STEPS TO FOLLOW IN PERFORMING A VENIPUNCTURE

1. Assemble Supplies

a. Make sure all the necessary equipment is on phlebotomy tray before entering the patient’s room. Item to check include:
b. Alcohol pads (70%)
c. Dry, clean gauze pads (2 inch X 2 inch)
d. Tourniquet (clean and in good condition)
e. Vacutainer holder—these are not reusable and should be discarded after use
f. Collection tubes (make sure you have correct tube for all tests ordered and confirm that the tubes are not expired.)
g. Syringe of size sufficient to draw volume of blood needed
h. Safety transfer devices for use with syringe draws.
i. Bandage tape, gauze, and/or adhesive bandages
j. Needles—stock tray with both Vacutainer collection needles and needles for syringes. The choice of needle will depend on the type of vein. The most commonly used needle is 1.5 inches in length and 21 Gauge. (This refers to needle diameter. The higher the gauge number the smaller will be the diameter or bore of the needle.) For small veins a needle 1 inch in length and 22 Gauge is preferred. The currently approved needles in use in this healthcare system are the BD Eclipse Blood Collection Needles. These needles have a safety shield which is locked in place over the needle after the venipuncture is performed.
k. Winged collection sets for difficult draws and blood cultures.
l. Sharps disposal container.

2. Knock on the patient’s door before entering. Identify yourself. Confirm the patient’s identity by checking the arm band. The armband must be on the patient. It is not acceptable for the armband to be on the bed, the table, the wall, or any where except on the patient’s body. Briefly explain venipuncture. Reassure the patient and be friendly. Ask the patient if they have a latex allergy. If the test requires a fasting state, ask the patient if they have been fasting. Guest Excellence and the Customer Satisfaction scripts should be followed at all times. Make sure the patient does not have gum, food or liquid, or other object in his/her mouth before beginning the procedure.

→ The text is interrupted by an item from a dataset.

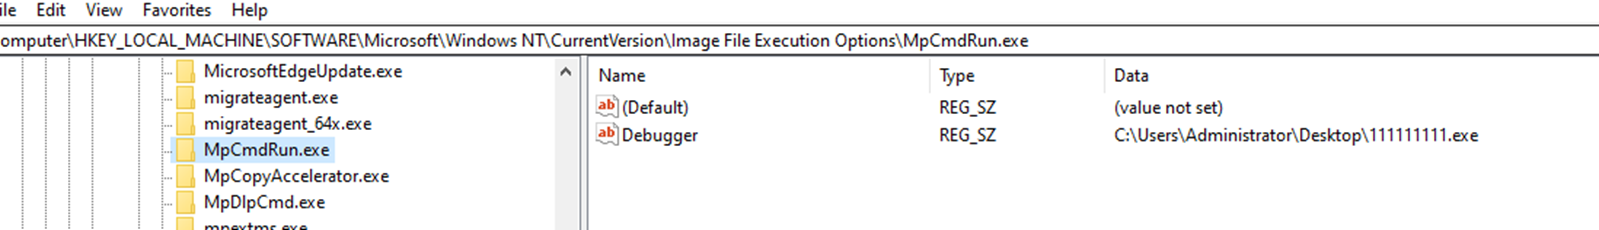 Figure 34. Debugger value in image file execution

3. The recommended procedure is to have the patient lying down, but if this is not possible, have the patient sit in a comfortable, sturdy chair with his/her arm supported on a table or chair arm for easy access. A patient should never stand or sit on a high stool during the process of blood collection. The phlebotomist should always be prepared for the occasional patient has an adverse reaction to phlebotomy. Refer to procedure “Adverse Reaction to Phlebotomy.